SLSTR L2 Reprojection issue (PixelGeoCoding vs PixelGeoCoding2). Border artifacts and Tile access exceptions

Hi SNAP devs,
I’m here again with a new topic related to SLSTR L2 Reprojection.
My usual processing chain is Read->Subset->Reproject->Write

I got a sample from the public test data set ftp:
This sample has data crossing the dateline. (Locally, I have also some smaller samples crossing the dateline)
I have encountered a couple of issues dealing with them.
The first one is that without any special JVM argument being configured, I’m getting this exception:
exception1.log (2.6 KB)

Taking a look at the code, I see there are 2 PixelGeoCoding classes.
So I have tried with the alternate one by specifying:

resulting into exception2.log (2.4 KB)

Taking a look at the code again, I have added this argument to try to proceed with the processing:

Which at this point produced a result:
A world wide dataset (minX=-180° and maxX=180°) with 2 small regions of valid pixels on the left/right edges: let say in the longitude ranges [-180, -160] and [130,180] respectively). All the pixels in the middle area [-160,130] are NaN.
See screenshot:

First question is: what would be the best approach to deal with this scenario?
I see there is a geoRegion parameter in Subset Op so I was thinking about defining 2 subsets with 2 geometries (rectangles) splitting dataset in 2 halves, with longitude ranges [-180°, 0] and [0,180°]
Do you think it would make sense? Do you have any experience to share about this topic?
I have tried that approach by defining a GeoRegion WKT but I’m getting the same result as before.

Do you have any feedbacks on the above notes and exceptions?

The second issue I have is that using the default PixelGeoCoding2 (instead of GeoPixelCoding) takes very long.
Using a subset with 300 rows, a TileCache of 1.5GB and Heap of 2.4GB tooks 3’20’’ to produce a 36000x800 pixels image (due to the wide dataset covering -180, 180).
Taking a look with a profiler it seems it’s spending lot of time doing several PixelGeoCoding2.getPixelPos ->PixelFinder.findPixelPos resulting into getTile calls which get locked when accessing the tileCache (synchronized access).

I have tried with the ConcurrentTileCache (based on Guava) available in jai-ext project and that time went down to 1’50".

However, the alternate PixelGeoCoding generates the output faster: only 25".
The problem is that it creates artifacts on the subset edges/data edges.
It looks like cloned rows on the edge, resulting into some strange borders.
See this image (hope you can notice the pixel being copied on the edge, remarked by the red polygon I have added to the picture):

Is there any way to get rid of these artifacts?

As usual, thank you very much for your great assistance.
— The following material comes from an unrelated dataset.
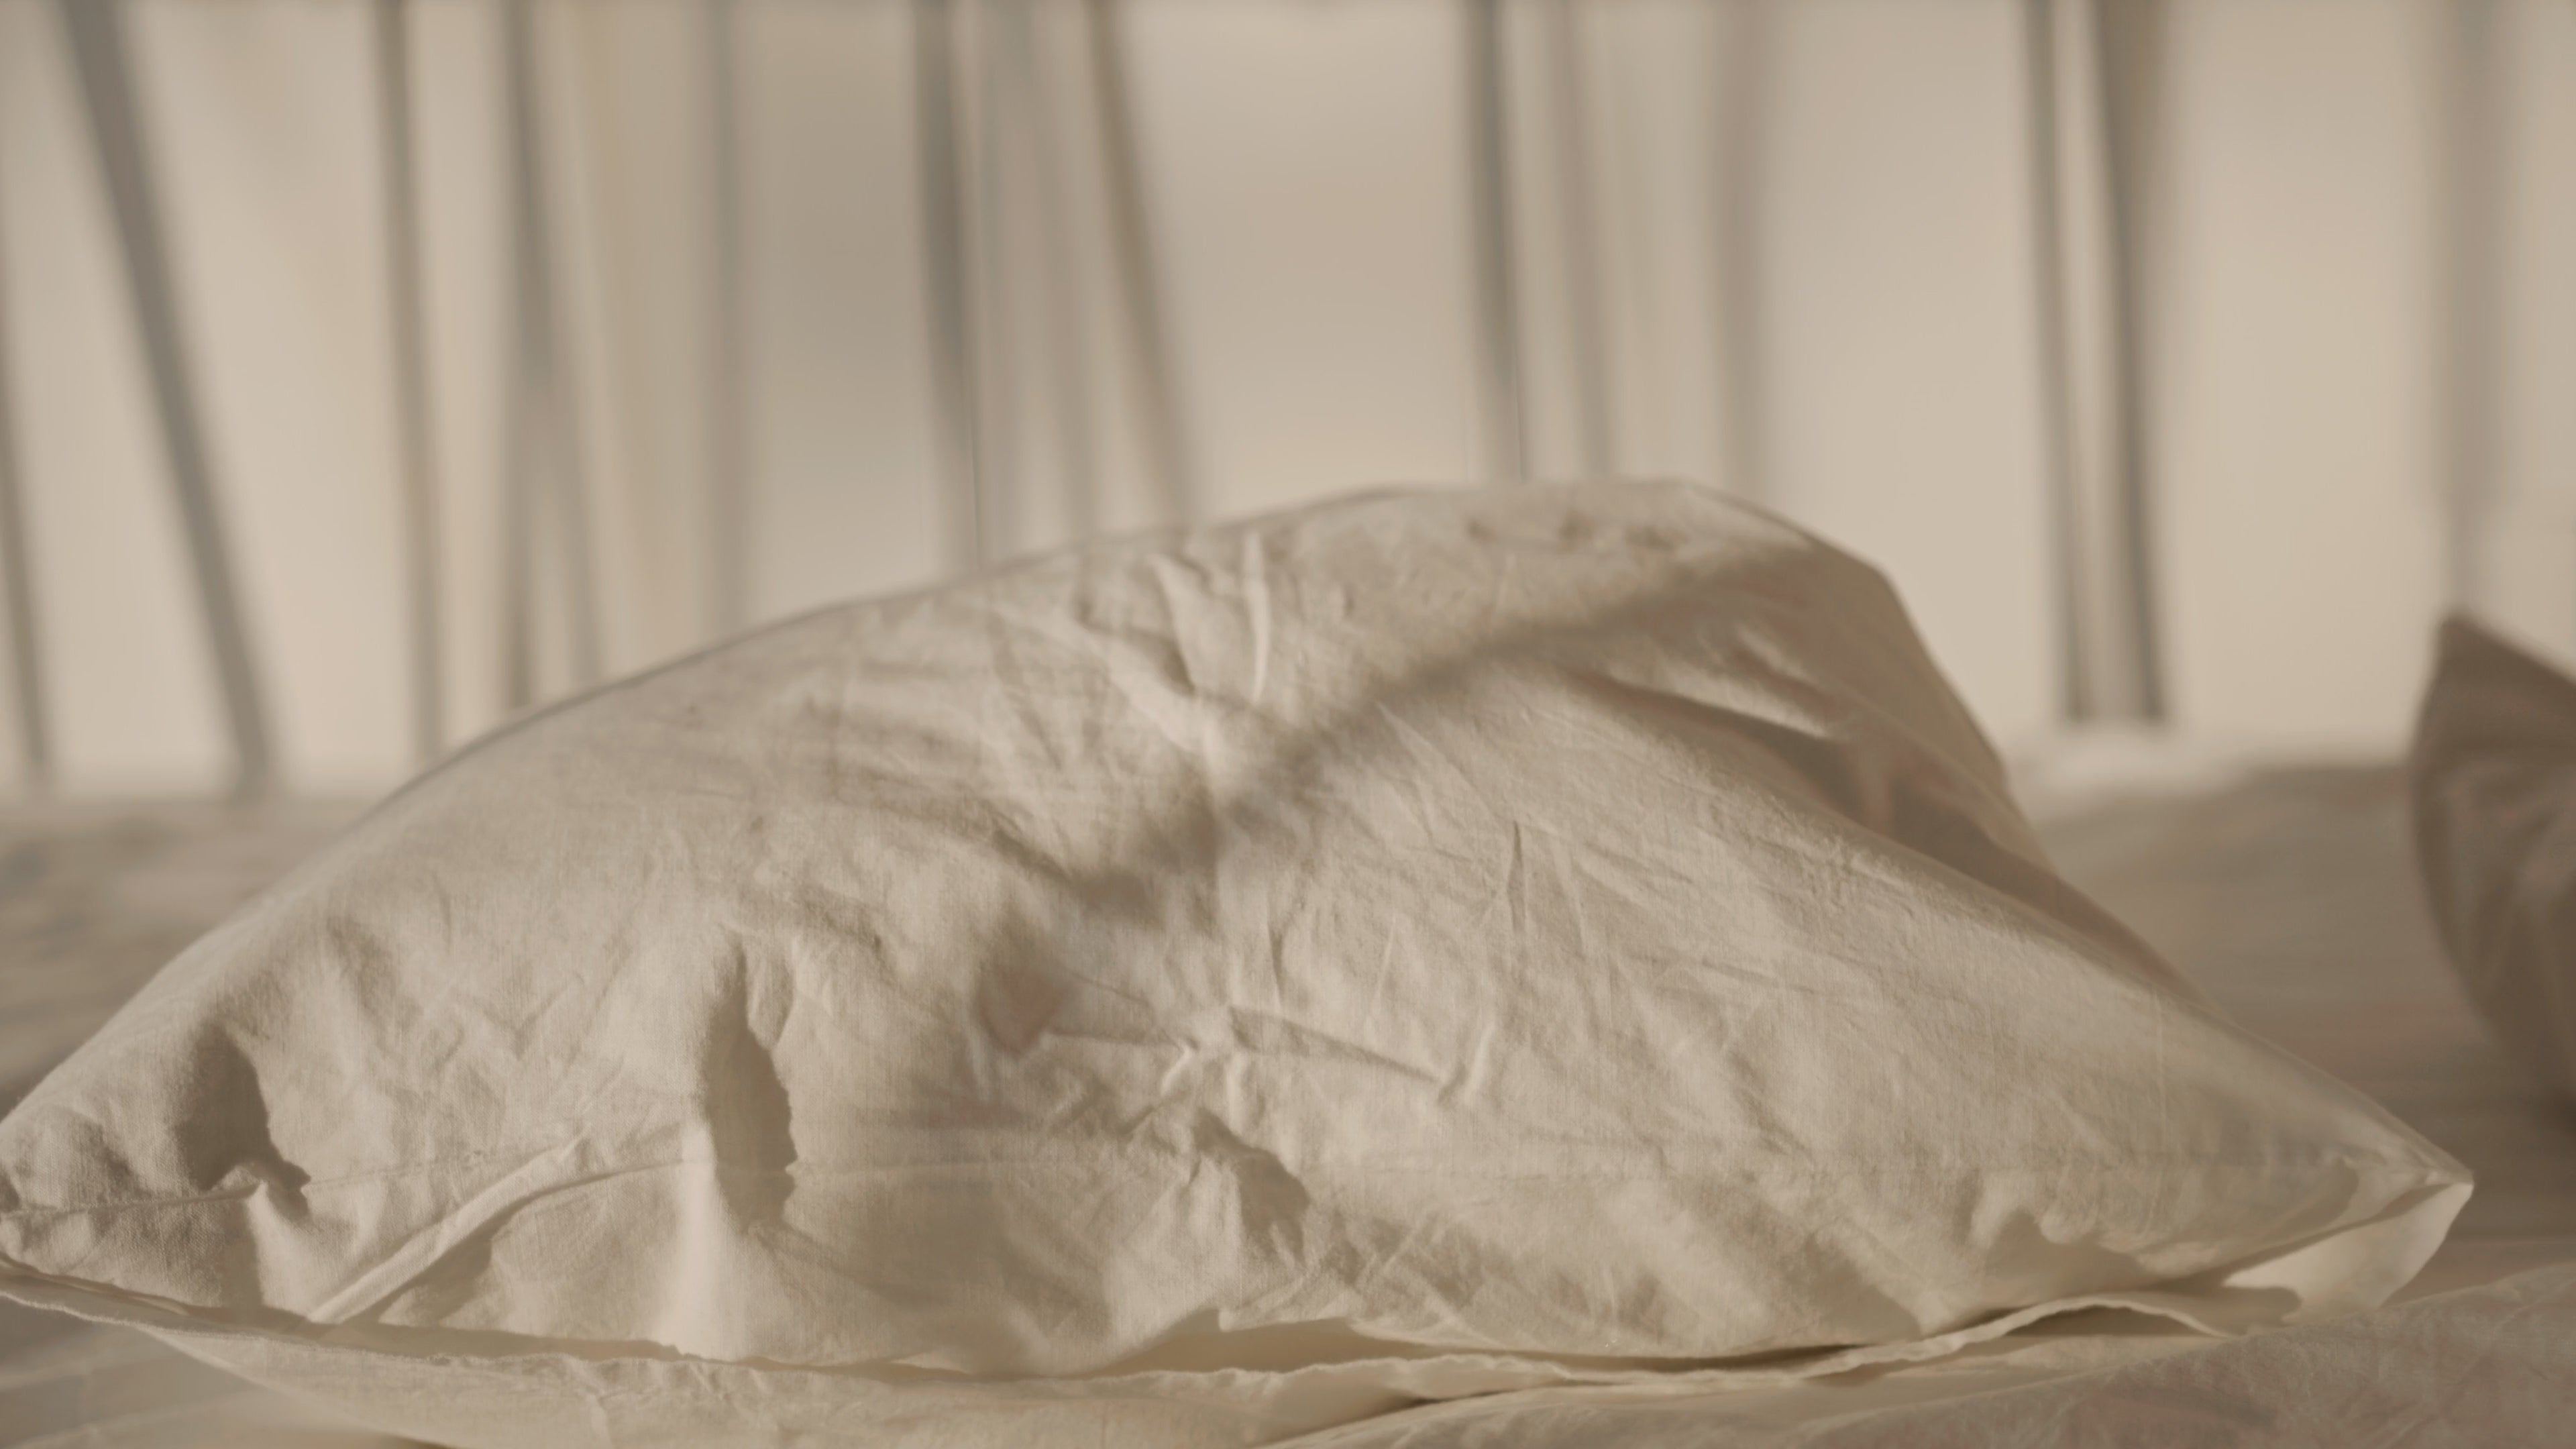 Load video: Video Showing Pillows on a Linen Bed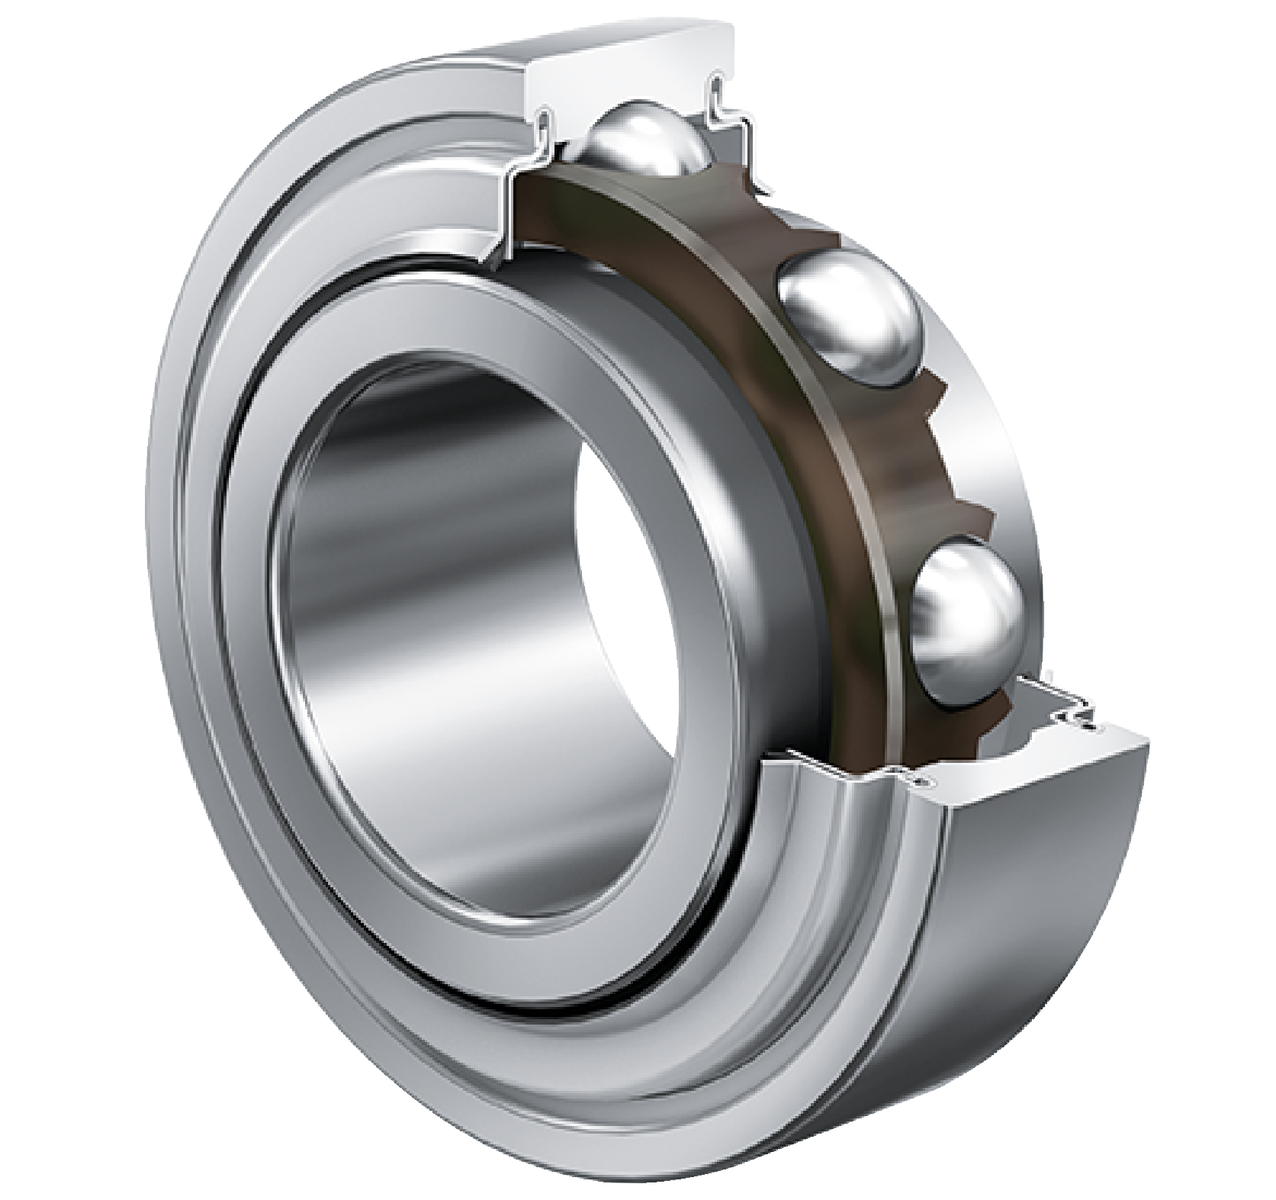 Radial Insert Ball Bearing 2..-KRR, Cylindrical Outer Ring, Inner Ring for Fit, R Seals on Both Sides 203-XL-KRR-AH05

did you have any chance to take a look on the issue?
I’m having similar problems with OLCI L1 data crossing the dateline. Activating -Dsrtbx.reader.olci.pixelGeoCoding=true I get better results. However it takes very long (due to accessing 1 by 1 the coordinates pixels). Moreover, I get strange NaN pattern near the corner (see the scattered white pixels in this QGIS preview):

I’m digging into the code trying to find the cause. Please, let me know if you have any suggestion or hints about it.


Sorry Daniele for not being very responsive these days. Currently I can’t say way we’ll have the time to look into it. Hopefully it will not take to long.
Have you found meanwhile any new insights?

Hi Marco,
not so much for the moment. I had to focus on other processing tasks.
The only thing I have found is some inconsistency in the PixelGeoCoding class which was causing the NPE.
The way the targetRasterFormatTag is created starts from an ImageLayout layout which always set a DataBuffer.TYPE_FLOAT.
Then the processFloatLoop/Double destAcc.getDoubleDataArrays will get a null array since it has been initialized as FLOAT instead.


The NPE in the processFloatLoop and processDoubleLoop should be fixed now.
maybe you give it a try.


Hi Marco,
thanks for the feedback and the fix.

I’ll give it a try in the next days.